ABOUT THIS EXERCISE:
What you give back should be exactly the lines from the one with "Adidas Terrex Gore-Tex" through the end of the data, without the pictures.

RECORDED INFORMATION:
*-*-*

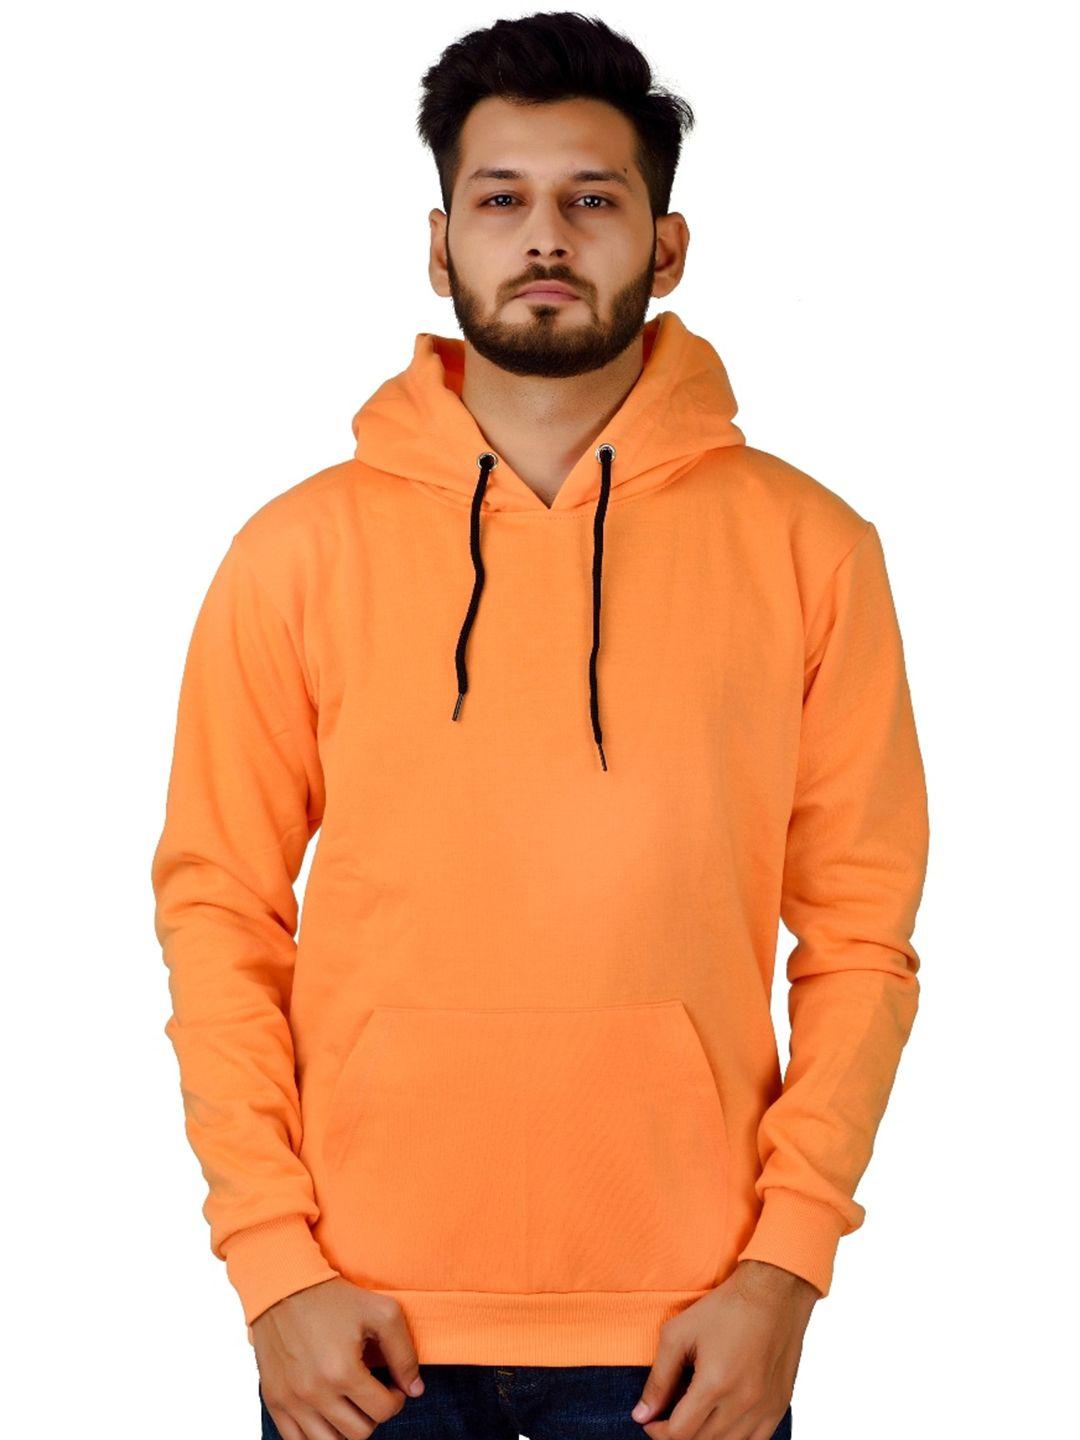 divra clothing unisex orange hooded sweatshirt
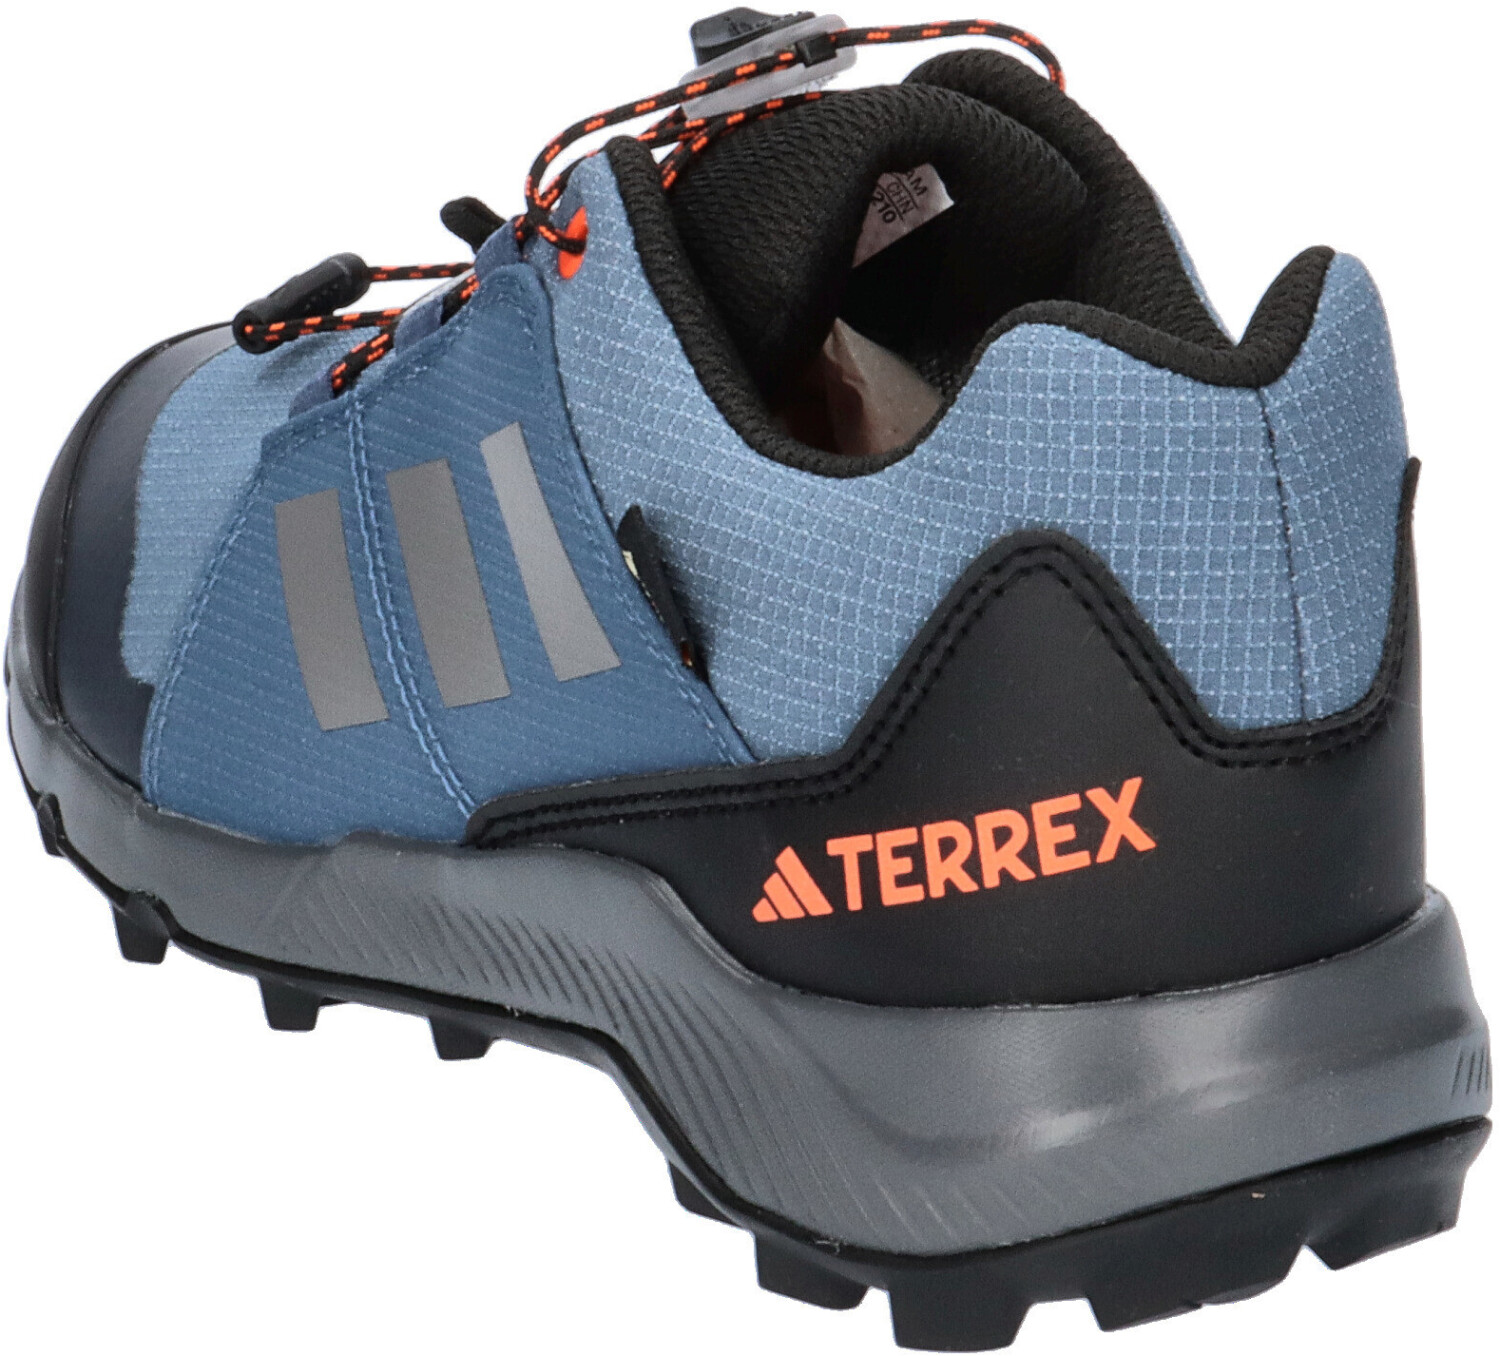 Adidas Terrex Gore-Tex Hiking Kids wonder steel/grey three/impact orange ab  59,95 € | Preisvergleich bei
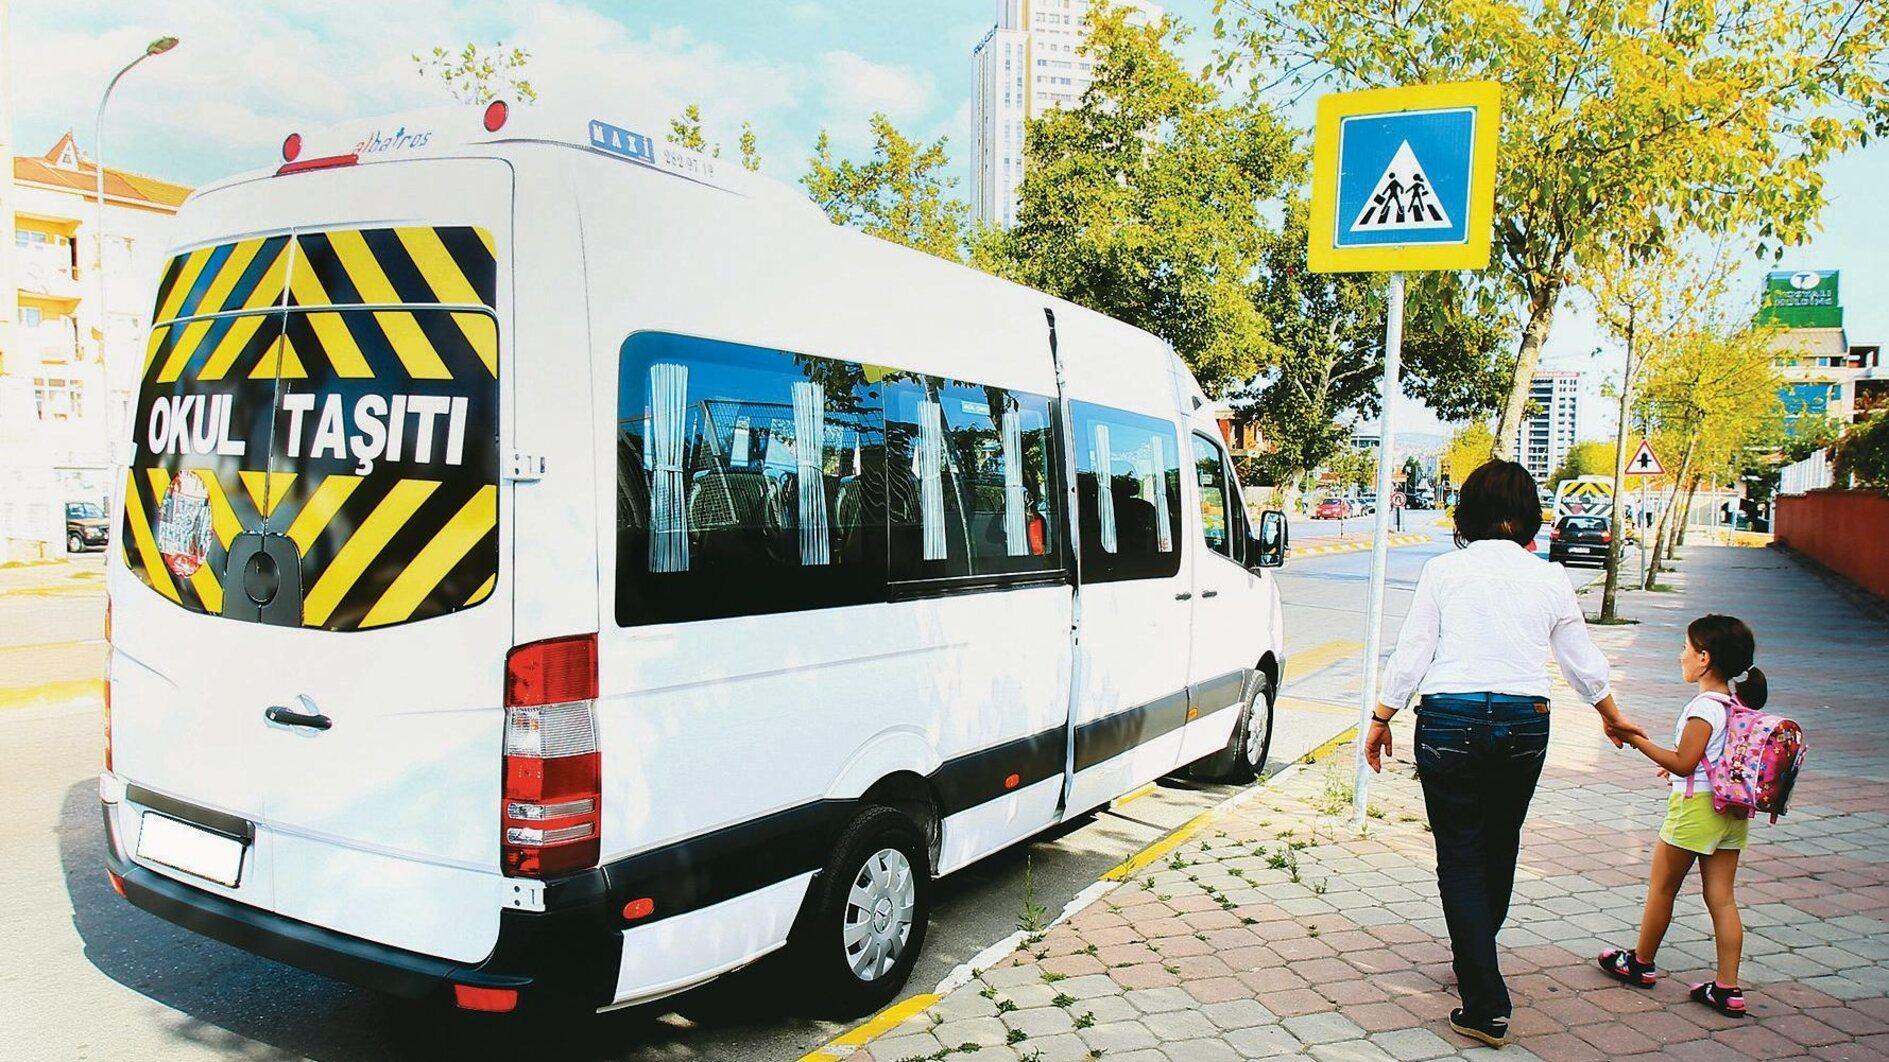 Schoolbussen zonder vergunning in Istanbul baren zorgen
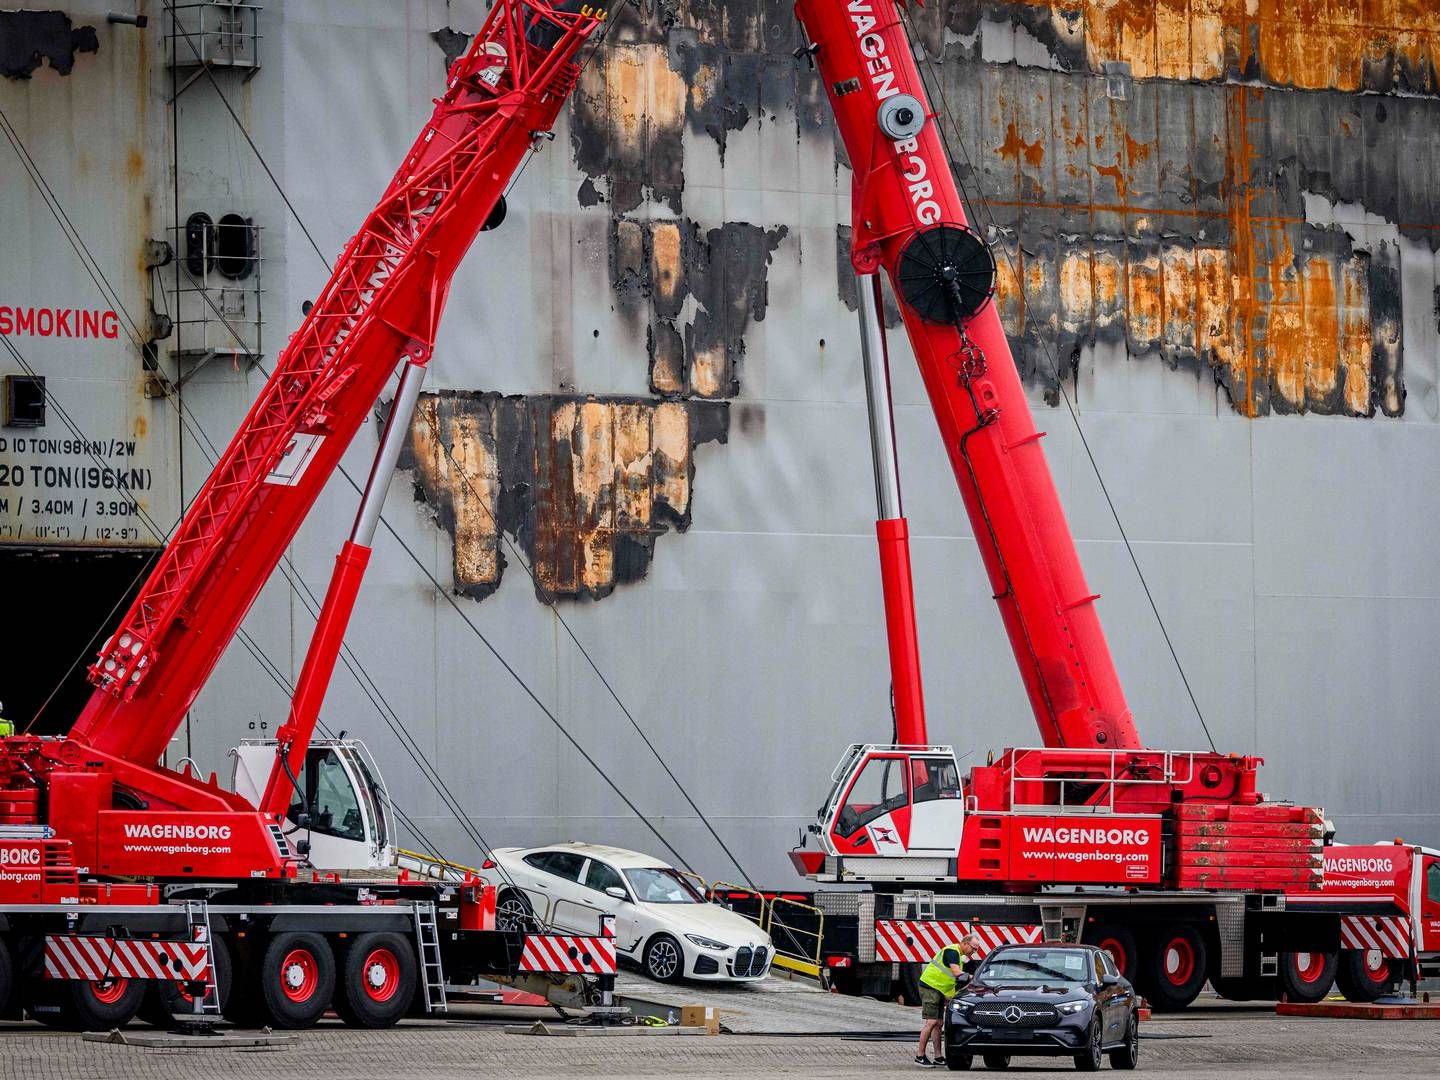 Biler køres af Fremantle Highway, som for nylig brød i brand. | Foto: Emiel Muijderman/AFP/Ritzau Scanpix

*-*-*

RESPONSE TO THIS EXERCISE:
 Adidas Terrex Gore-Tex Hiking Kids wonder steel/grey three/impact orange ab  59,95 € | Preisvergleich bei
 Schoolbussen zonder vergunning in Istanbul baren zorgen
 Biler køres af Fremantle Highway, som for nylig brød i brand. | Foto: Emiel Muijderman/AFP/Ritzau Scanpix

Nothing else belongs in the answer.